Japan Approves ePostal Email Patents
New York, NY (PRWEB) July 23, 2013 -- ePostal Services, Inc. (ePS®) today announced the approval of its second patent in Japan. (http://www.ePostalServices.com)
"In 2012, Japan approved the first ePostal® patent – obviously a major milestone,” said Jon Gardner, President of ePostal Services. “Approval of our second patent by Japan continues the expansion of ePS global intellectual property rights – and further validates our aggressive and comprehensive worldwide patent strategy.”
The second ePS patent reinforces and details the claims of the first by citing technical alternatives and preferences for the ePostal communication system which provides superior private, secure, tracked, and differentiated internet messaging services. Very significantly, it also patents a fully-autonomous direct communications system, operating internal to ePostal, for the automated management of secure communications directly between user devices/servers via the ePostal servers.
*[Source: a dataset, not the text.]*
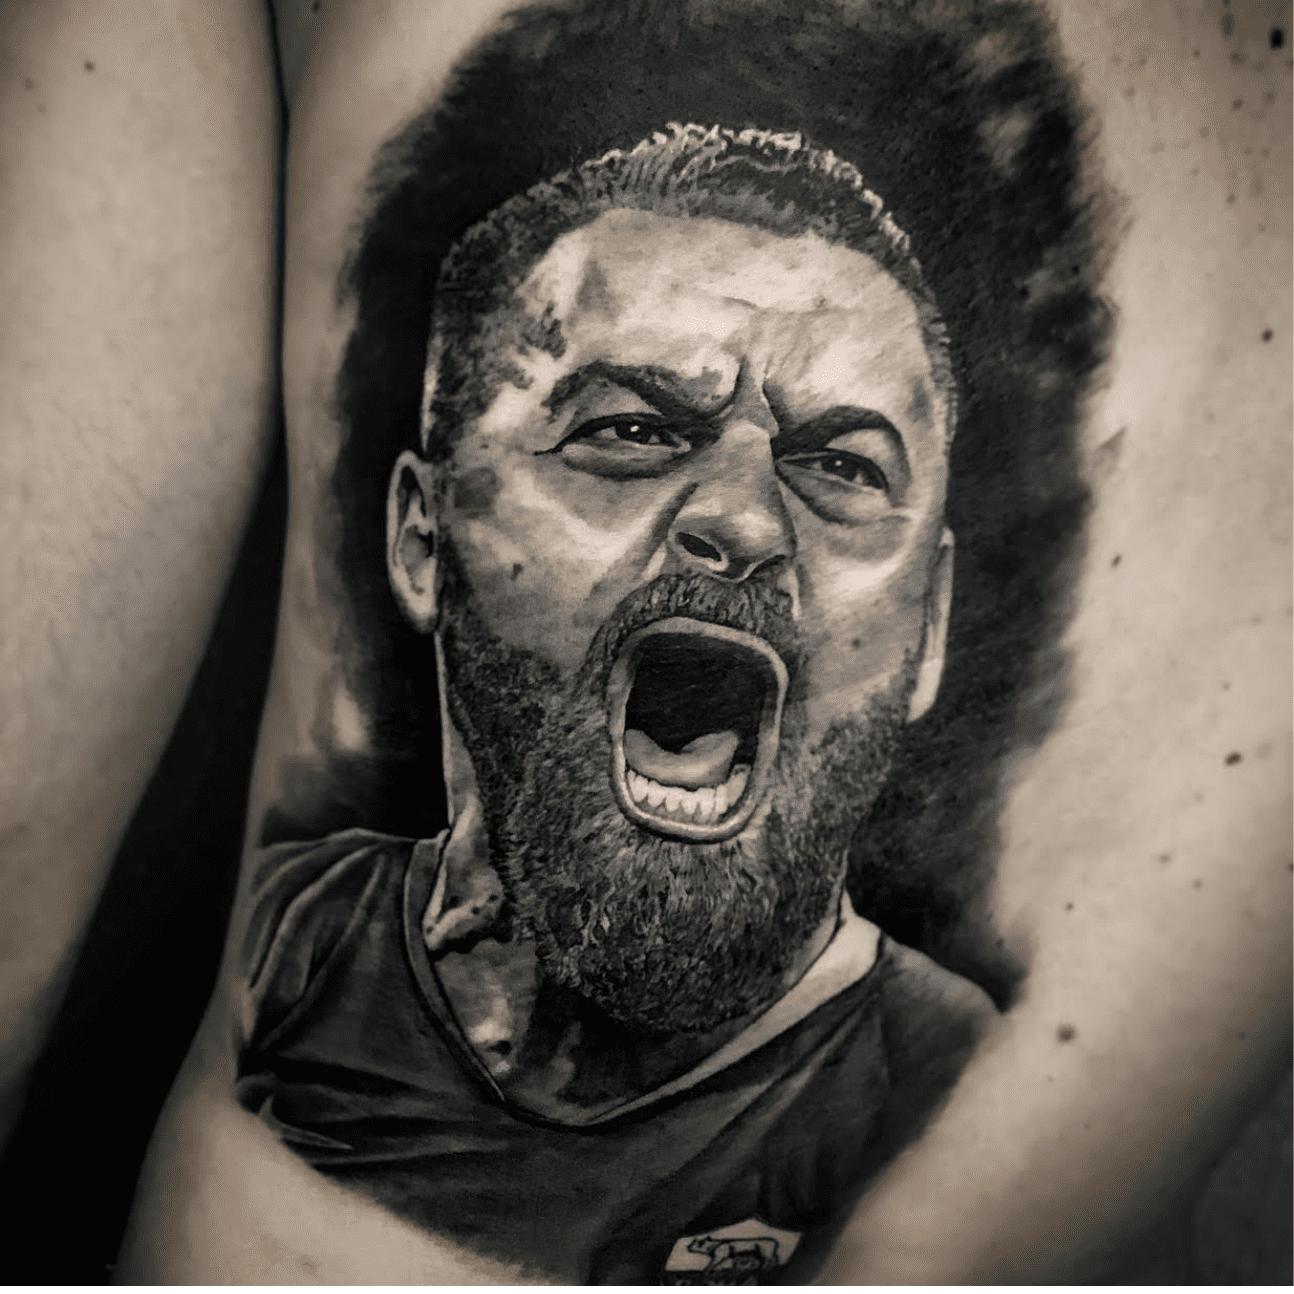 Tatuaggi realistici a Roma: Daniele de Rossi

This highly-scalable technology gives ePostal the capabilities to create autonomous, private and secure, virtual intranet communications between senders, recipients, and ePS servers -- but which are separate from and independent of regular email channels. In addition, the ePostal technology is interoperable between email platforms, eventually allowing email users everywhere to access the ePS services.
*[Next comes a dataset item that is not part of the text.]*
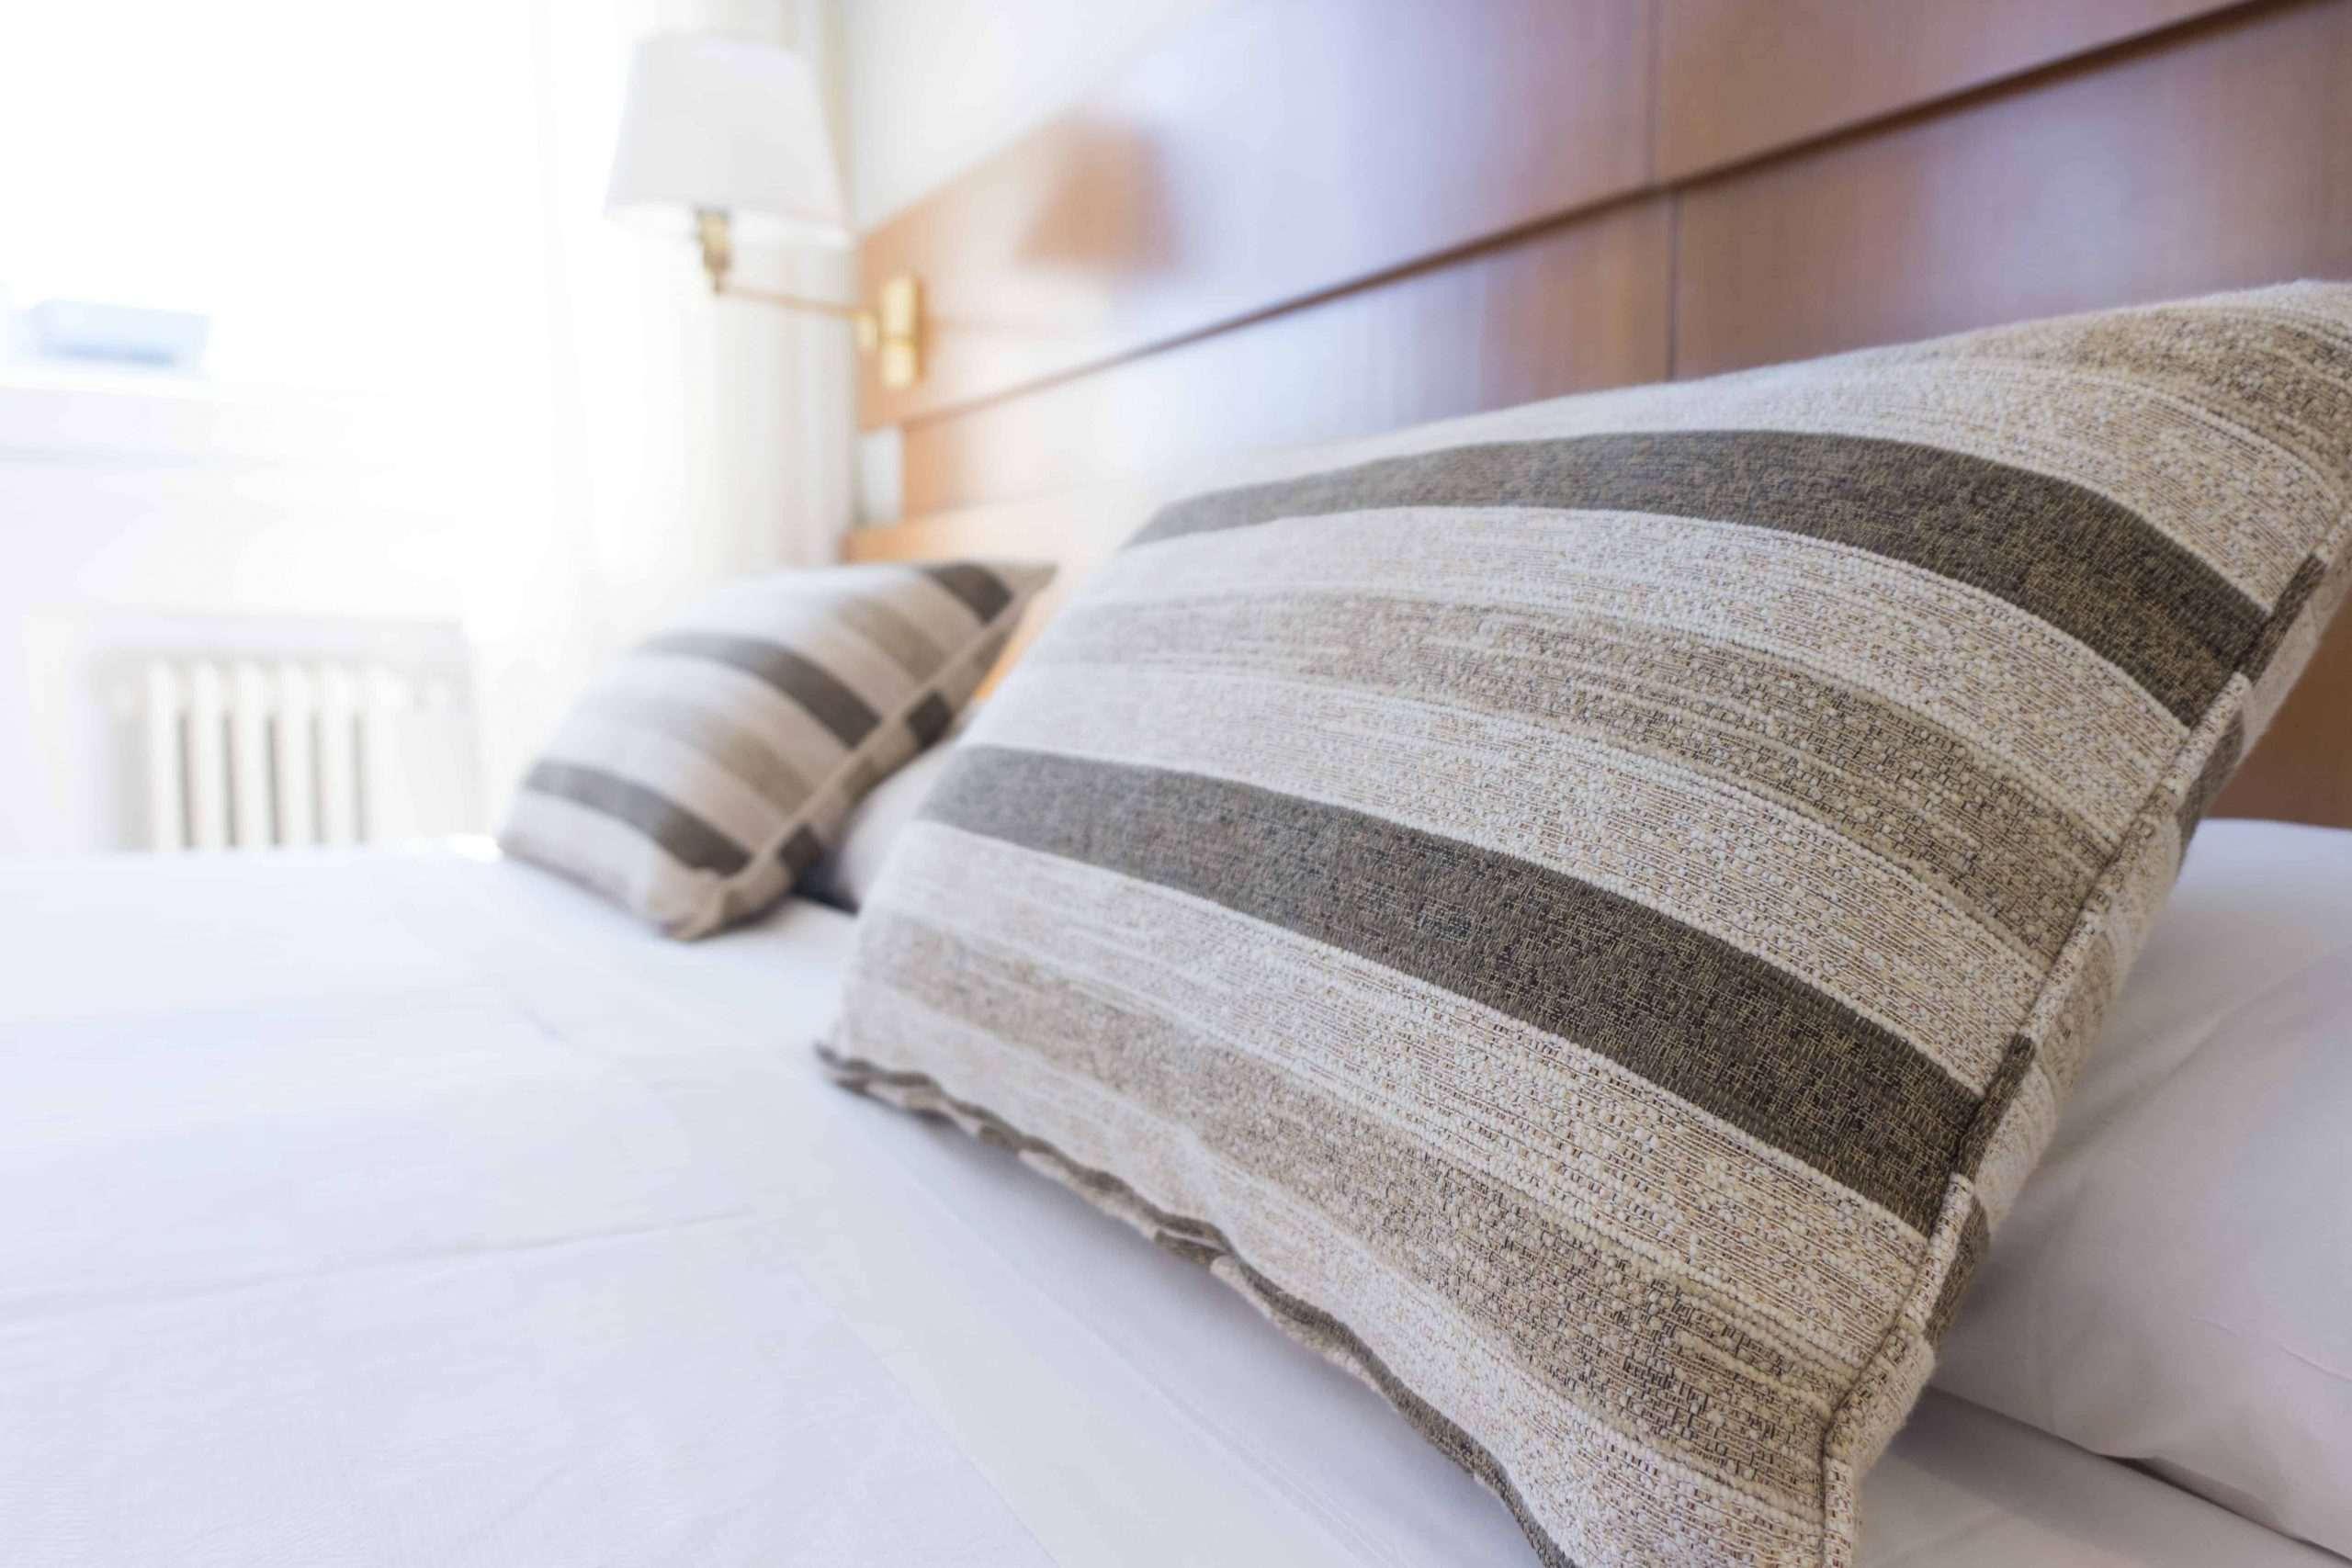 Cabecera de cama: ¿Cuáles son las mejores del 2021?

The first ePostal patent was issued in March 2009 as U.S. Patent #7,502,828: "Messaging and Document Management System and Method" – with U.S. approval for the second patent (#7,627,640) received in December 2009. Applications were also filed in Europe and Japan as well as in other countries, together comprising 80% of the world's GNP. To date, approvals have been received in the U.S., Europe, Japan, India, Russia, and Mexico, with reviews proceeding in China, Canada, and Brazil.
ePostal Services offers a new, on-demand, and competitively superior email service (two-way-encrypted and secure) which supplements and works with a user’s regular email application and setup, with or without a network. It employs conventional email/internet components in a novel way to enable a broad range of on-demand premium services -- easily and inexpensively.
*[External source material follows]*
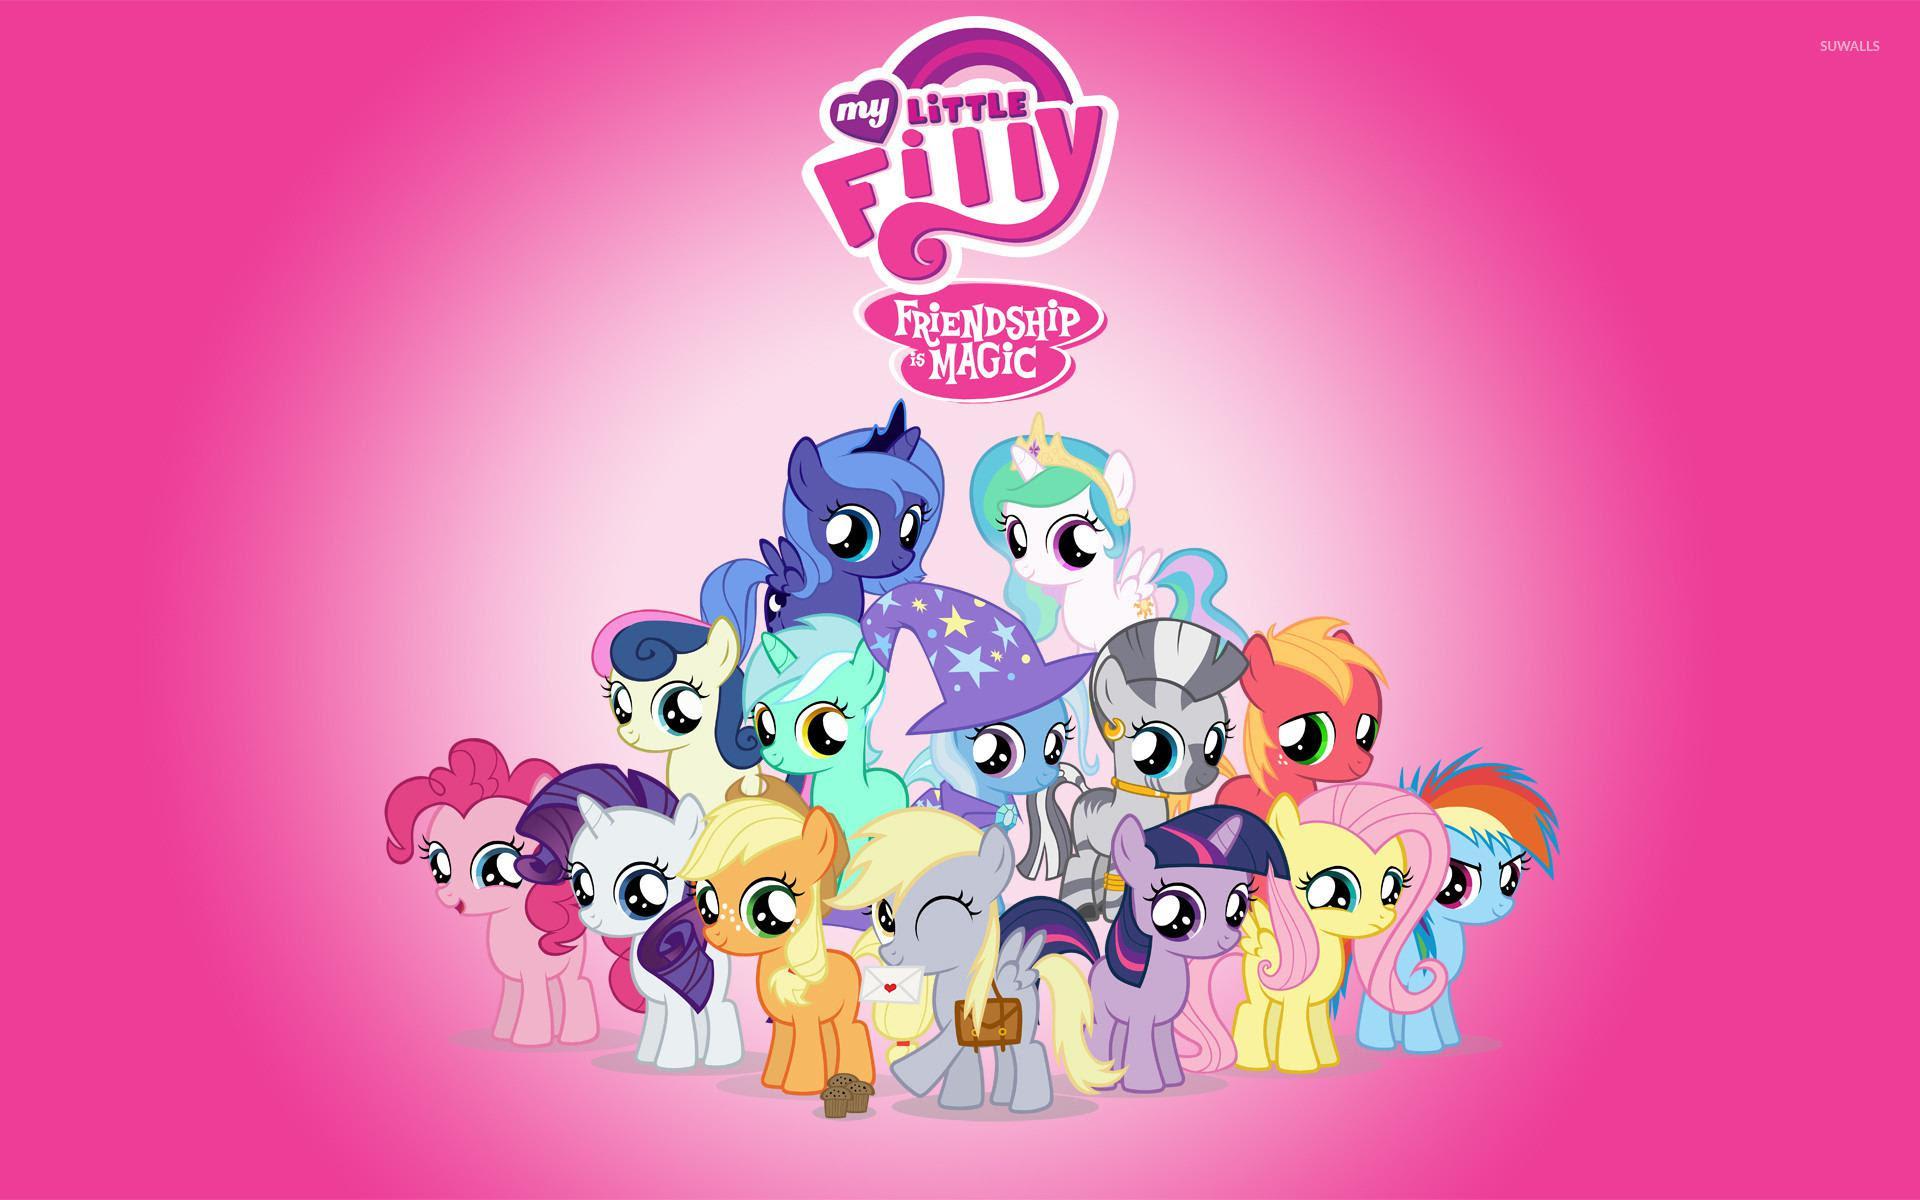 Little My Download My Little Pony Wallpaper App Gallery My Rh Me Me

“Our patents anticipated the evolving commercial and technical needs of global electronic communications,” Gardner continued. "With the growing use of ‘cloud’ services and mobile devices, those rights have increasing relevance, well beyond the ePostal system, to a wide range of telecommunication situations and applications.”
About ePostal Services (ePS):
A Delaware corporation, ePS -- via its unique technology -- puts on-demand premium email services within the technical and economic reach of all businesses and individuals, worldwide.